Moreover, the user experience of the system is noted to be positive. A few participants shared that the system acts as a constant reminder that triggers them to monitor their blood glucose levels actively. The participants found the system to be convenient. Overall, the study shows that i-PreventDiabetes fosters positive changes in users to prevent diabetes. It is a well-designed system that incorporates the perspectives of both people with prediabetes and healthcare professionals; further, it can enable users to prevent or delay diabetes, provided that the user takes responsibility for making effective use of the features offered in the system. The inclusion of healthcare professionals is suggested to foster people with prediabetes to advance rapidly through behavioral stages in the process of lifestyle modification [
42]. i-PreventDiabetes, being a self-care system, did not include healthcare professionals directly in the process of using the system to prevent the progression of prediabetes to diabetes. Results of the evaluation study reveal that it is possible to develop a system that is acceptable by target users provided the design incorporates perspectives of both the target users and healthcare professionals. However, some of the participants expressed that the system should be more autonomous and attractive. According to them, the system should be configured in order to accept and store automatic inputs of their physical activity details from external devices. They also wanted more automatic alerts and reminders from the system.
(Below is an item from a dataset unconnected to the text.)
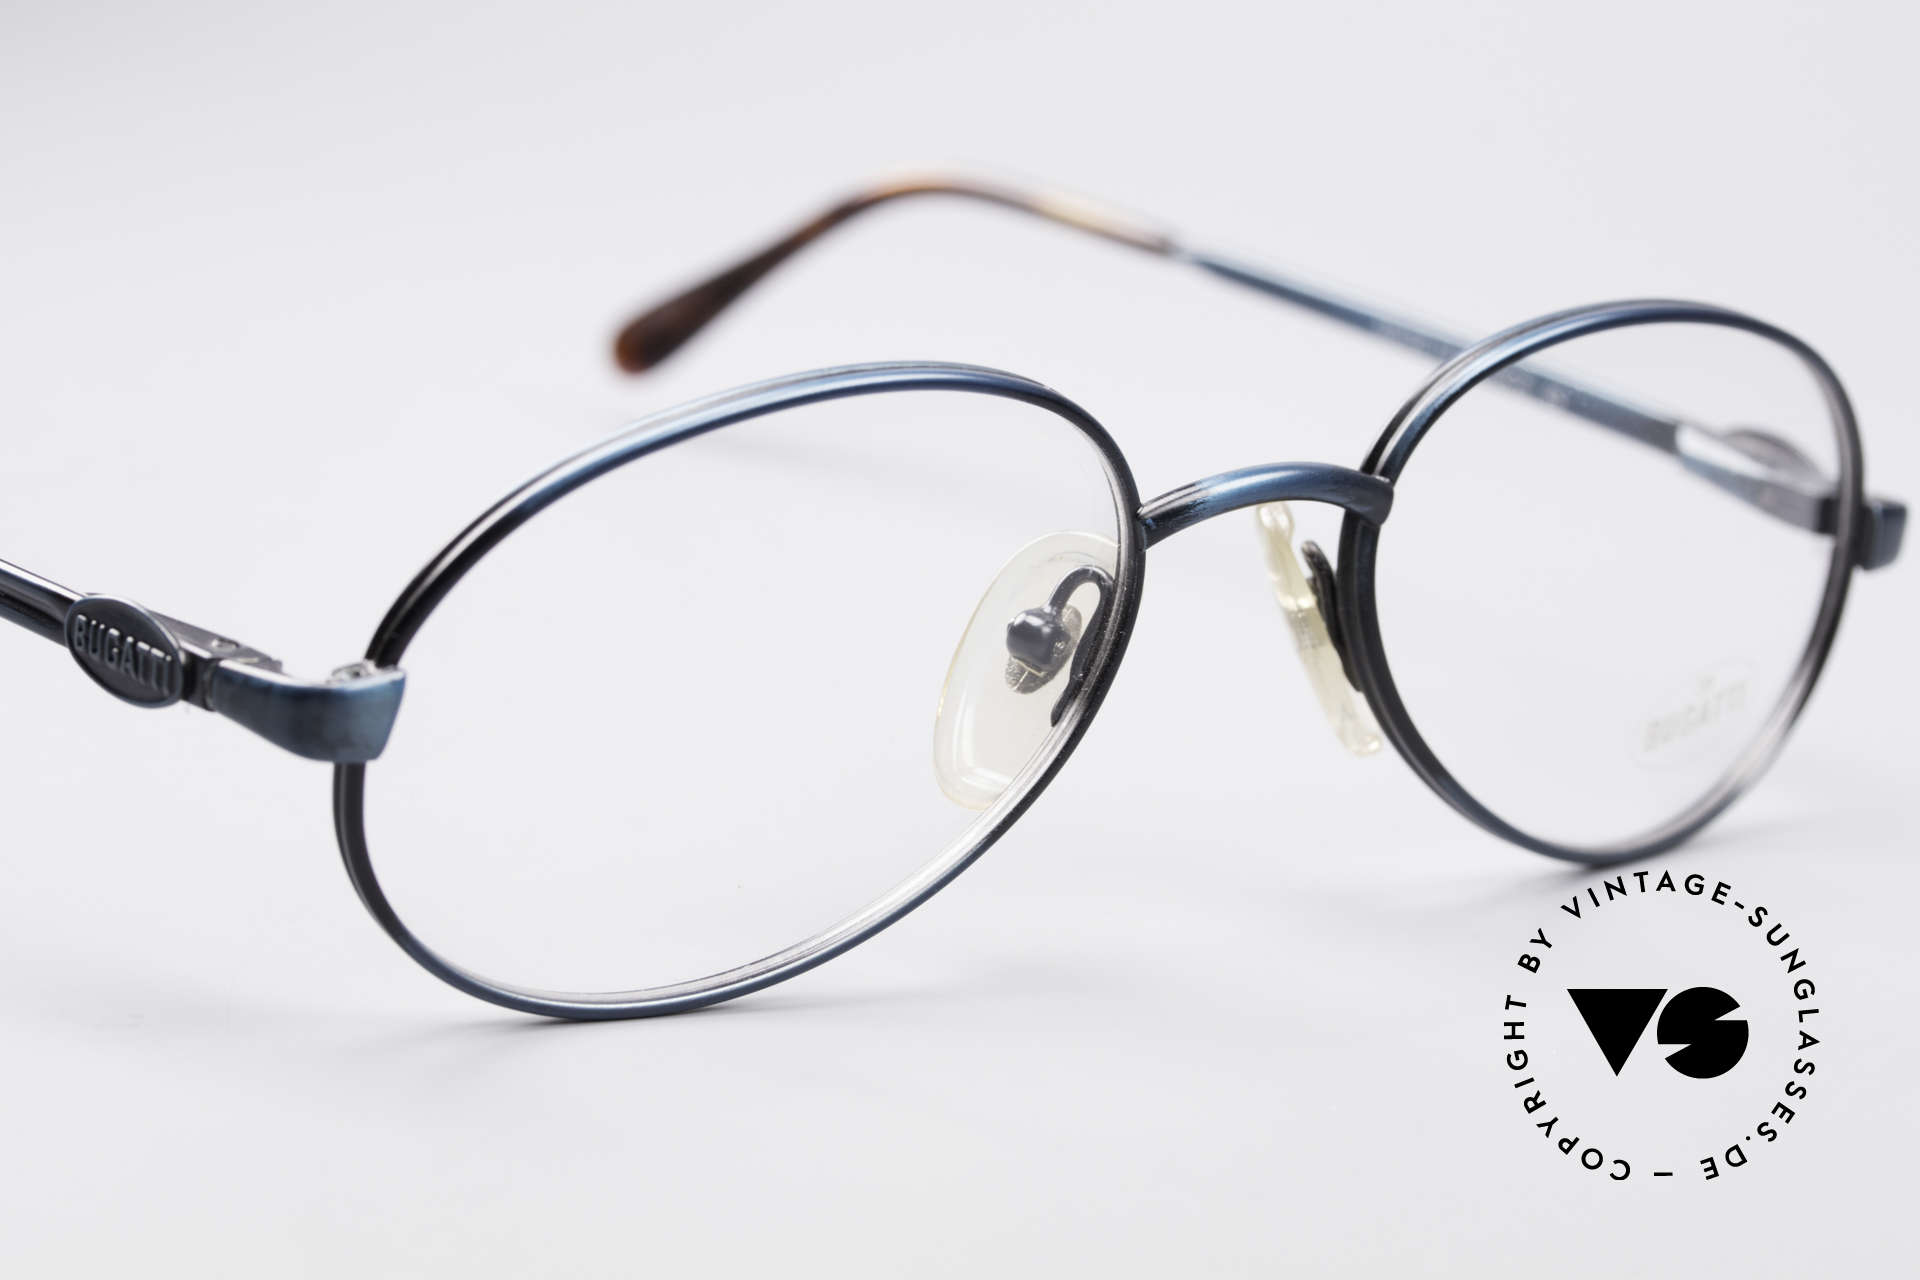 Bugatti 05728 Rare 90's Eyeglasses, unworn (like all our rare vintage Bugatti 90s eyewear), Made for Men

Furthermore, it was found that participants were a bit skeptical about using the social support features in the system as they did not feel good about sharing their information with others. The users’ attitudes toward receiving social support to help them achieve their health goals were mixed. Social support is often seen as an essential component of health management systems, although it may raise privacy issues. It has been observed that users were not comfortable with communicating with other users or strangers on the system. A cultural difference may be a factor. Users in the United States, for example, have welcomed platforms, such as PatientsLikeMe, where users are eager to freely disclose their symptoms and treatments as well as participate in conversations with other patients dealing with similar health problems [
43].
Diabetes prevention systems, such as i-PreventDiabetes, have immense potential and a role in preventing the progression of prediabetes to diabetes. Potential users of such systems are more likely to leverage these systems for their healthcare if they are endorsed and promoted by diabetes institutes, healthcare institutions, hospitals, and wellness centers [
44]. Such interventions can complement or be integrated with existing T2D prevention programs.